Но герой наш и без часов был в самом веселом расположении духа. Такое неожиданное приобретение было сущий подарок. В самом деле, что ни говори, не только одни мертвые души, но еще и беглые, и всего двести с лишком человек! Конечно, еще подъезжая к деревне Плюшкина, он уже предчувствовал, что будет кое-какая пожива, но такой прибыточной никак не ожидал. Всю дорогу он был весел необыкновенно, посвистывал, наигрывал губами, приставивши ко рту кулак, как будто играл на трубе, и наконец затянул какую-то песню, до такой степени необыкновенную, что сам Селифан слушал, слушал и потом, покачав слегка головой, сказал: «Вишь ты, как барин поет!» Были уже густые сумерки, когда подъехали они к городу. Тень со светом перемешалась совершенно, и казалось, самые предметы перемешалися тоже. Пестрый шлагбаум принял какой-то неопределенный цвет; усы у стоявшего на часах солдата казались на лбу и гораздо выше глаз, а носа как будто не было вовсе. Гром и прыжки дали заметить, что бричка взъехала на мостовую. Фонари еще не зажигались, кое-где только начинались освещаться окна домов, а в переулках и закоулках происходили сцены и разговоры, неразлучные с этим временем во всех городах, где много солдат, извозчиков, работников и особенного рода существ, в виде дам в красных шалях и башмаках без чулок, которые, как летучие мыши, шныряют по перекресткам. Чичиков не замечал их и даже не заметил многих тоненьких чиновников с тросточками, которые, вероятно сделавши прогулку за городом, возвращались домой. Изредка доходили до слуха его какие-то, казалось, женские восклицания: «Врешь, пьяница! я никогда не позволяла ему такого грубиянства!» – или: «Ты не дерись, невежа, а ступай в часть, там я тебе докажу!..» Словом, те слова, которые вдруг обдадут, как варом, какого-нибудь замечтавшегося двадцатилетнего юношу, когда, возвращаясь из театра, несет он в голове испанскую улицу, ночь, чудный женский образ с гитарой и кудрями. Чего нет и что не грезится в голове его? он в небесах и к Шиллеру заехал в гости – и вдруг раздаются над ним, как гром, роковые слова, и видит он, что вновь очутился на земле, и даже на Сенной площади, и даже близ кабака, и вновь пошла по-будничному щеголять перед ним жизнь.

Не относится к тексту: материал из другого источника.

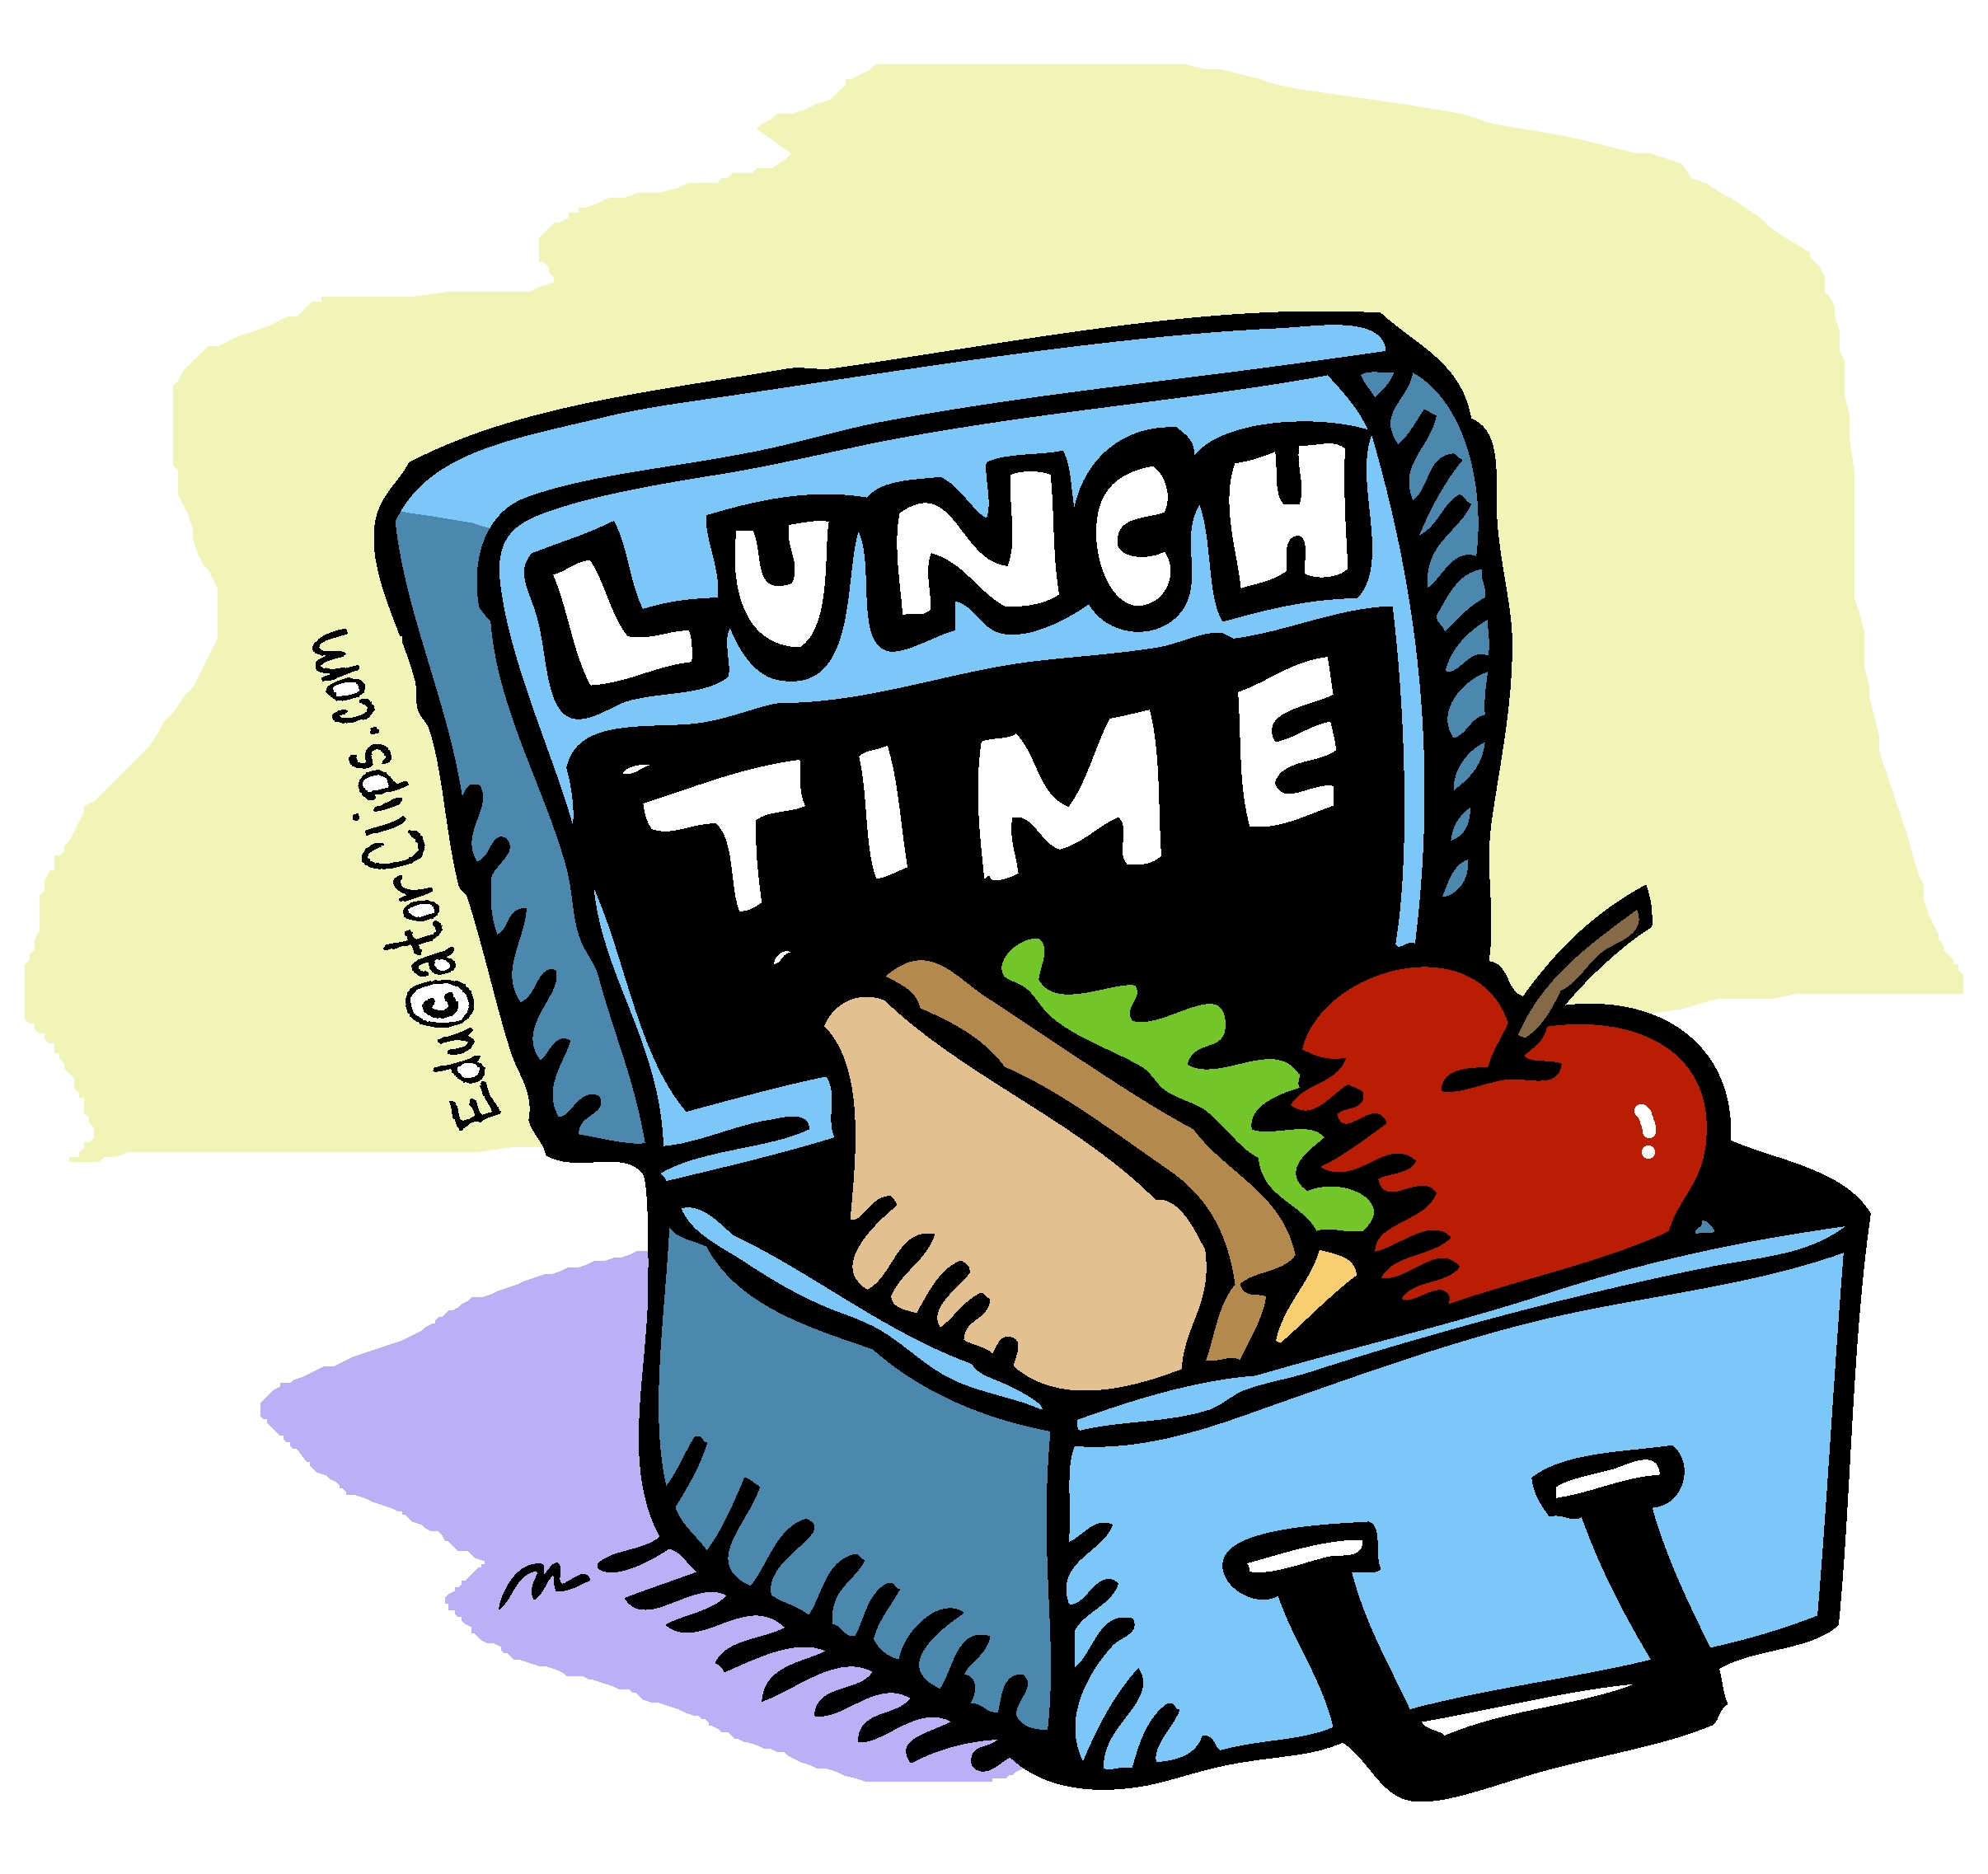 Lunchtime Clip Art, lunchbox clip art,lunch time clip art, lunch clip art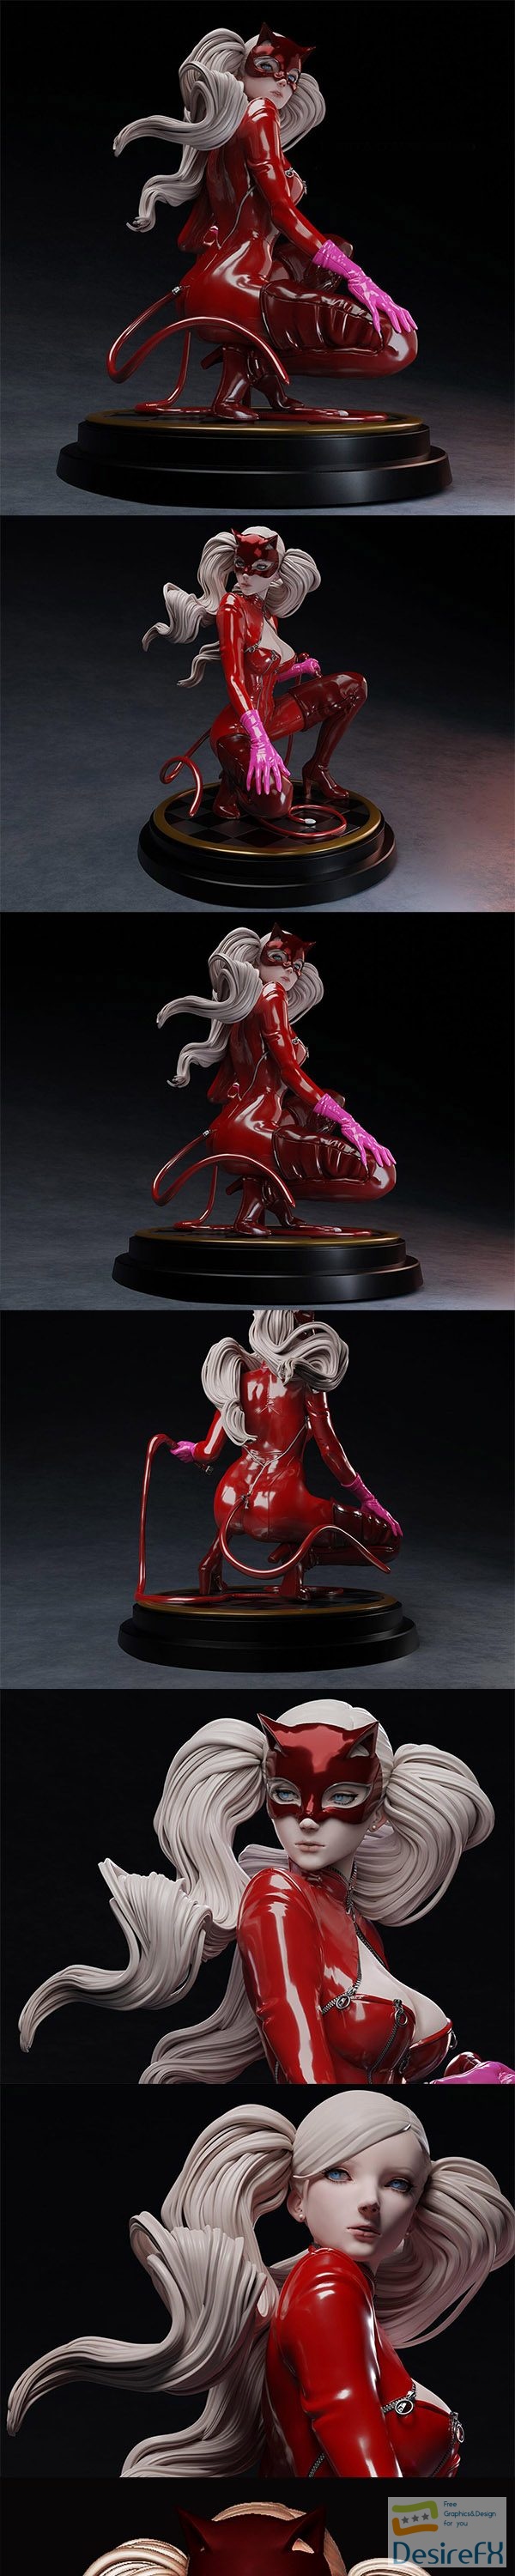 Nympha – Ann Takamaki from Persona 5 – 3D Print

Наконец бричка, сделавши порядочный скачок, опустилась, как будто в яму, в ворота гостиницы, и Чичиков был встречен Петрушкою, который одною рукою придерживал полу своего сюртука, ибо не любил, чтобы расходились полы, а другою стал помогать ему вылезать из брички. Половой тоже выбежал, со свечою в руке и салфеткою на плече. Обрадовался ли Петрушка приезду барина, неизвестно, по крайней мере, они перемигнулись с Селифаном, и обыкновенно суровая его наружность на этот раз как будто несколько прояснилась.

– Долго изволили погулять, – сказал половой, освещая лестницу.

– Да, – сказал Чичиков, когда взошел на лестницу. – Ну, а ты что?

– Слава богу, – отвечал половой, кланяясь. – Вчера приехал поручик какой-то военный, занял шестнадцатый номер.

– Поручик?

– Неизвестно какой, из Рязани, гнедые лошади.

– Хорошо, хорошо, веди себя и вперед хорошо! – сказал Чичиков и вошел в свою комнату. Проходя переднюю, он покрутил носом и сказал Петрушке: – Ты бы, по крайней мере, хоть окна отпер!

– «все, что подходит под губу, съедобное; всякая овощь, кроме хлеба и мяса». (Из записной книжки Н.В. Гоголя.)